__Data__.
------------------------------------
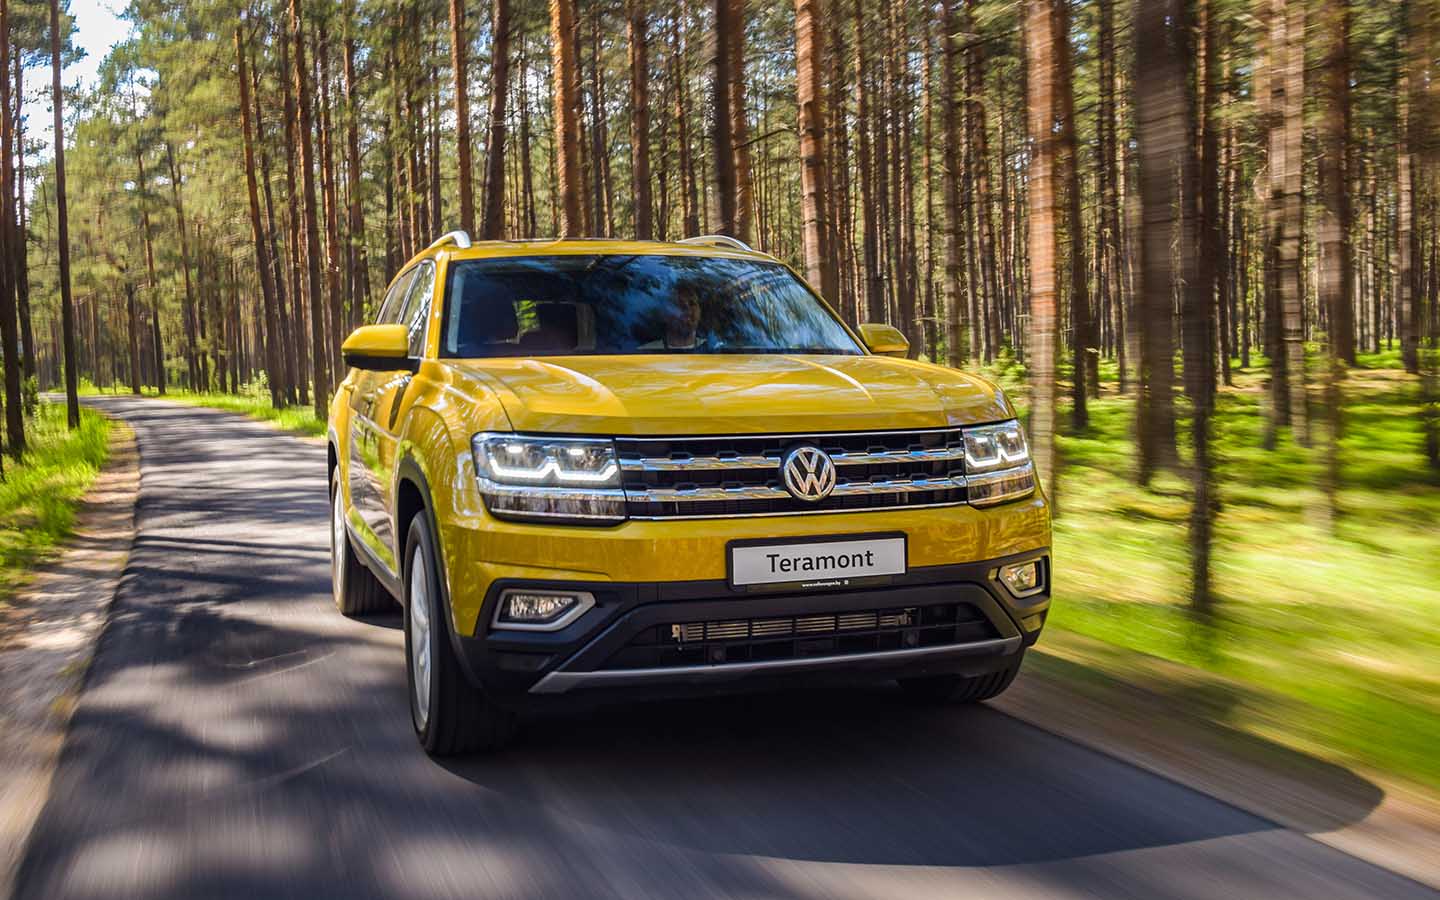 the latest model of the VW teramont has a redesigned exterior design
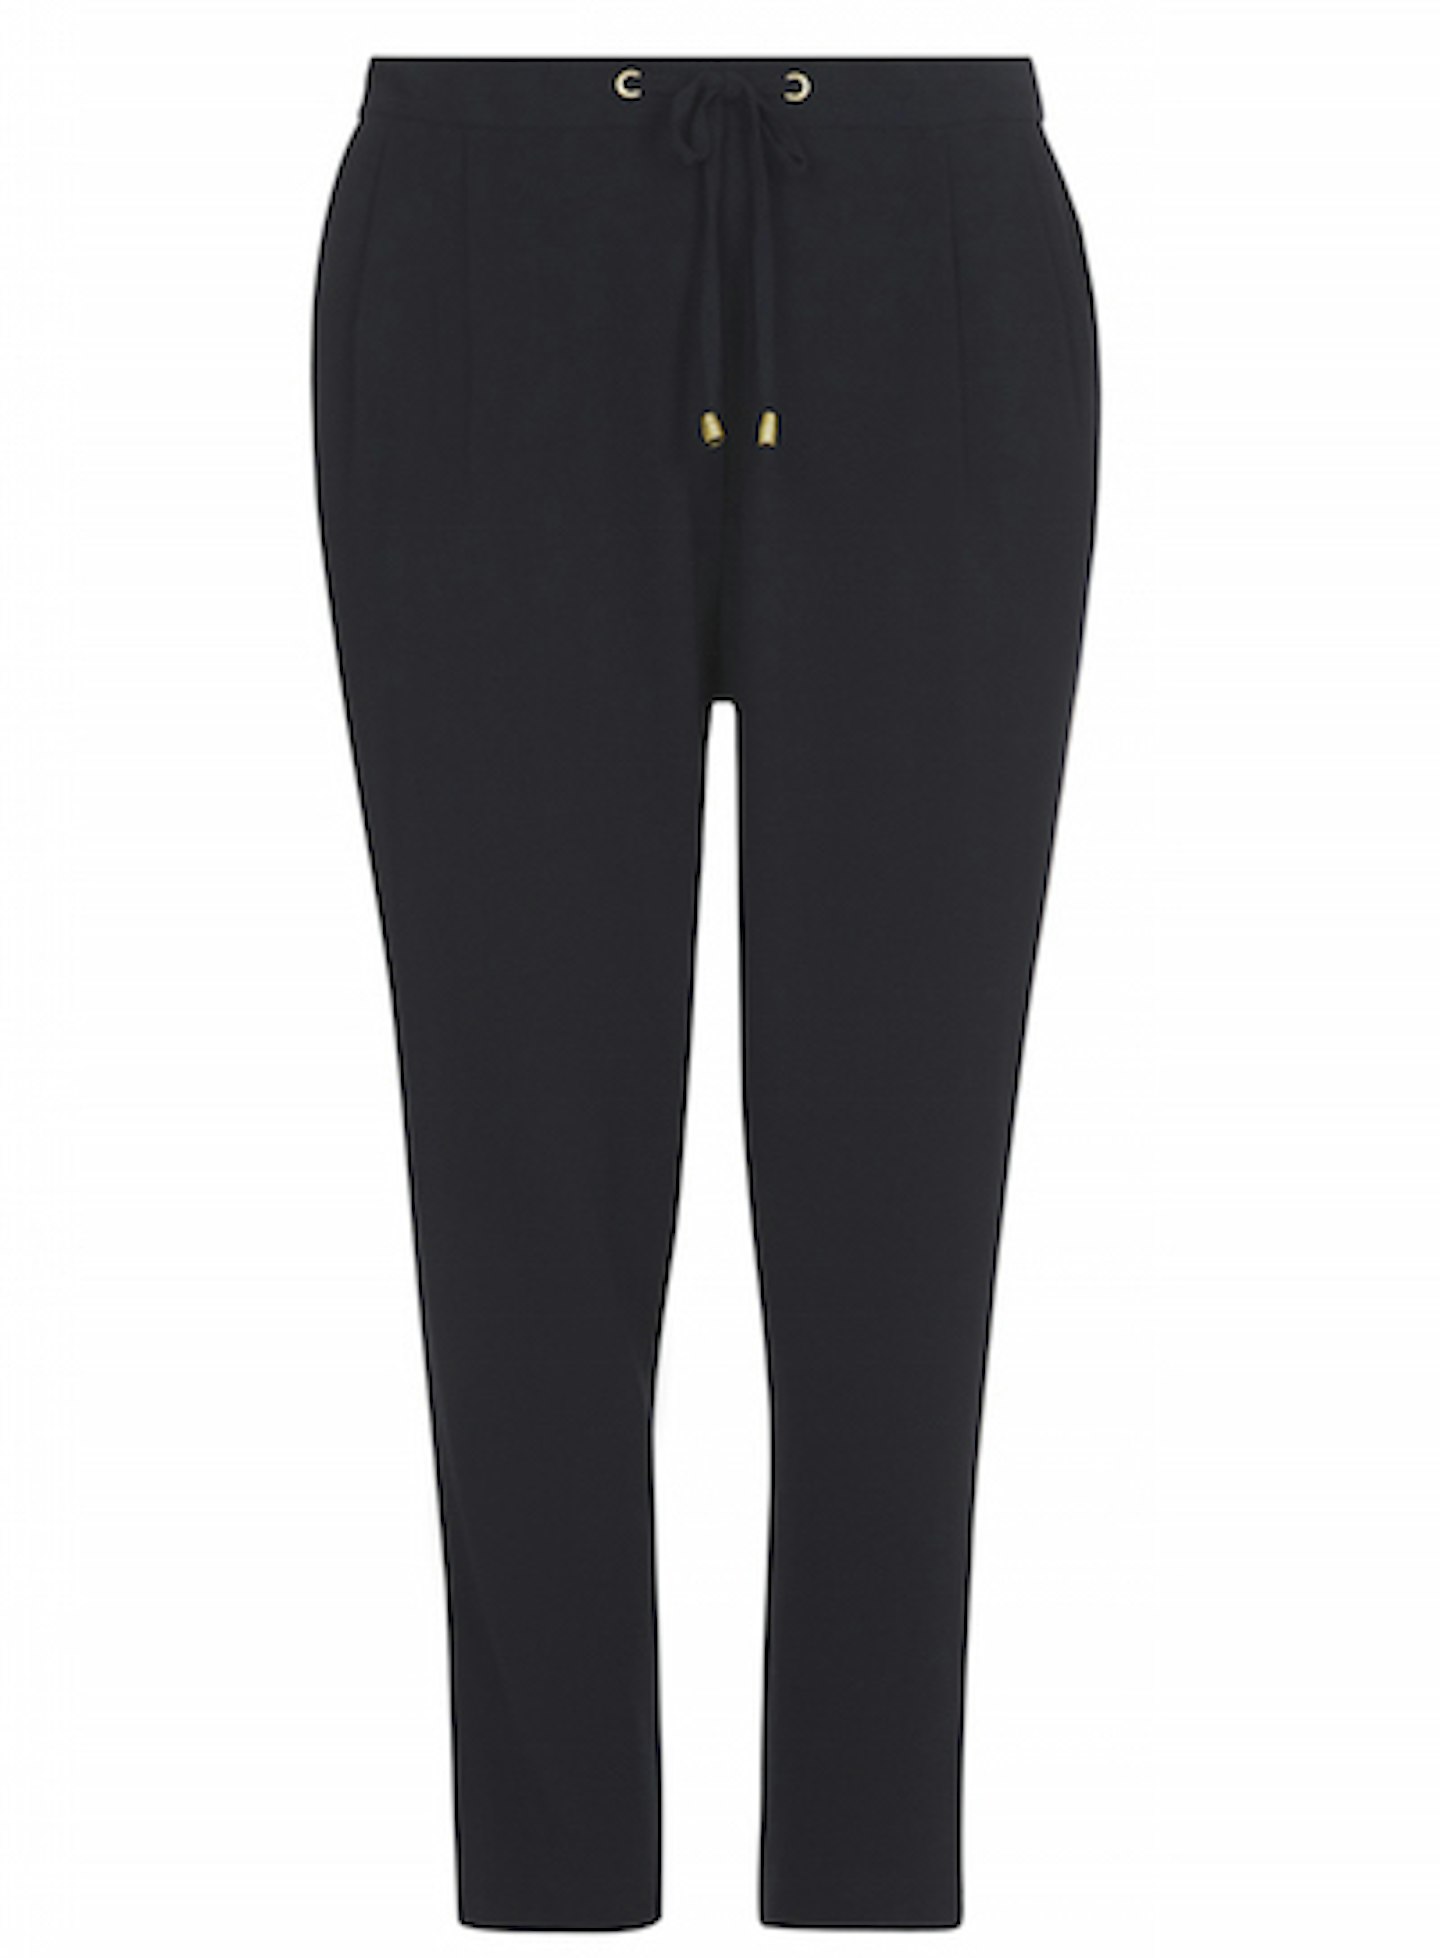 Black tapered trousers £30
------------------------------------
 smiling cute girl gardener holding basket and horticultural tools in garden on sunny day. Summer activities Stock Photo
------------------------------------
__How to complete this task__. In the data above, retype only the stretch from the line with "the latest model" through the line with "Black tapered trousers £30", word for word, and skip any pictures.

__Response below__.
 the latest model of the VW teramont has a redesigned exterior design
 Black tapered trousers £30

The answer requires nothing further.